Il y a quelques années, j’eus la chance de voir le plus ancien arbre de Noël conservé au monde, à l’instar du tableau du maître-autel de l’église de l’Enfant-Jésus près de Steyr. L’histoire de l’arbre remonte à l’an 1694. À cette époque, Steyr avait un nouveau carillonneur et maître de chapelle qui souffrait d’épilepsie, cette « maladie honteuse », comme l’exprime fidèlement la chronique. À Melk, d’où il était originaire, il avait appris à vénérer l’Enfant Jésus. Il plaça donc dans la cavité d’un sapin de taille moyenne une image de la Sainte Famille devant laquelle il faisait oraison, et d’où il ressortait affermi et consolé. C’est alors qu’il entendit parler d’une représentation de l’Enfant Jésus qui avait donné la guérison à une religieuse paralysée. Il en obtint une copie fidèle : un Enfant Jésus en cire tenant la croix dans une main et la couronne d’épines dans l’autre. Il l’apporta alors devant l’arbre, y fit oraison et sentit une force de guérison en émaner.
Peu à peu, cela se sut, et les gens commencèrent à venir en pèlerinage auprès de l’Enfant Jésus. Face à l’hésitation des autorités ecclésiales (…), ils obtinrent de construire une chapelle autour de l’arbre. C’est ainsi qu’en 1708 fut posée la première pierre de l’église de l’Enfant-Jésus, érigée sur le modèle de Santa Maria Rotonda de Rome par les architectes autrichiens les plus célèbres de l’époque. Elle est devenue un écrin précieux pour l’arbre, dans lequel furent sculptés l’autel et le tabernacle. L’arbre porte toujours le petit Enfant Jésus de cire qui, entouré de la couronne et de ses rayons, est promesse et espérance pour les hommes.
L’arbre de vie retrouvé
Pour moi, cette rencontre est non seulement devenue l’interprétation de l’une de nos plus belles coutumes de Noël mais elle nous fait accéder au centre même du mystère de Noël. Cet arbre se dresse tel l’arbre de vie du Paradis retrouvé — « Le chérubin ne monte plus la garde ». Cet arbre est Marie avec le fruit béni de son sein : Jésus. Mais Jésus est comme un enfant sans défense, qui invite, « Emmanuel », un Dieu qu’on peut toucher, familier. Il nous invite à venir à Lui, nous qui, pourtant, souffrons tous profondément de la « maladie qui nous fait chuter ». Nous restons incapables de marcher et de nous tenir droits intérieurement. Nous ne cessons de tomber, ne sommes pas maîtres de nous-mêmes, étrangers à nous-mêmes et prisonniers. La rotonde de l’édifice souligne encore cette assertion. L’octogone est la forme classique de l’église baptismale, rattachée à de très anciennes traditions de l’histoire des religions : la cavité et la construction en rotonde rappellent l’utérus et le mystère de la naissance.

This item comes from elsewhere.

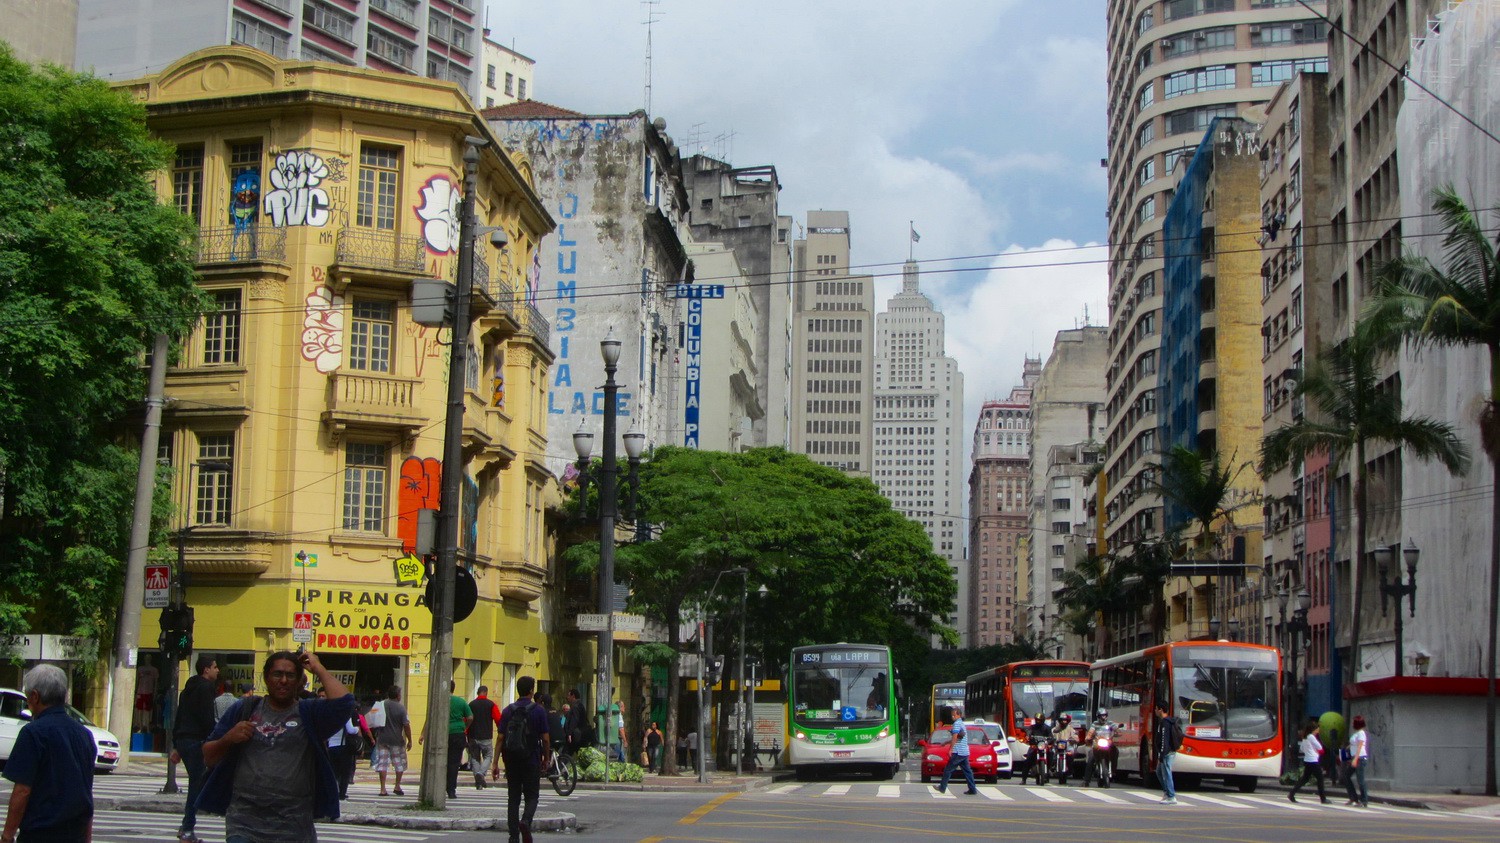 Avenida Sao Joao nearby Praca da Republica

Ainsi l’édifice renvoie de nouveau à Marie, à l’Église, à notre baptême et notre nouvelle naissance. Il nous explique ce que signifie « Dieu s’est fait petit enfant ».
Parole reprise par Jésus s’adressant à Nicodème. « Si tu ne renais de l’eau et de l’Esprit, tu ne peux entrer au Royaume des Cieux. » L’autre parole de Jésus s’y rattache : « Si vous ne devenez comme de petits enfants, vous n’entrerez pas au Royaume des cieux. » (…)
Le Fruit de l’Arbre de Vie
L’Enfant Jésus nous renvoie à cette vérité première de l’homme : nous devons naître de nouveau ; être aimés et nous laisser aimer ; laisser transformer notre dépendance en amour pour devenir libres. Nous devons naître de nouveau, nous défaire de notre orgueil, redevenir des petits enfants. Reconnaître et recevoir en l’Enfant Jésus le fruit de la Vie. C’est à cela que Noël veut nous conduire : c’est la vérité de l’Enfant, le fruit de l’Arbre de Vie.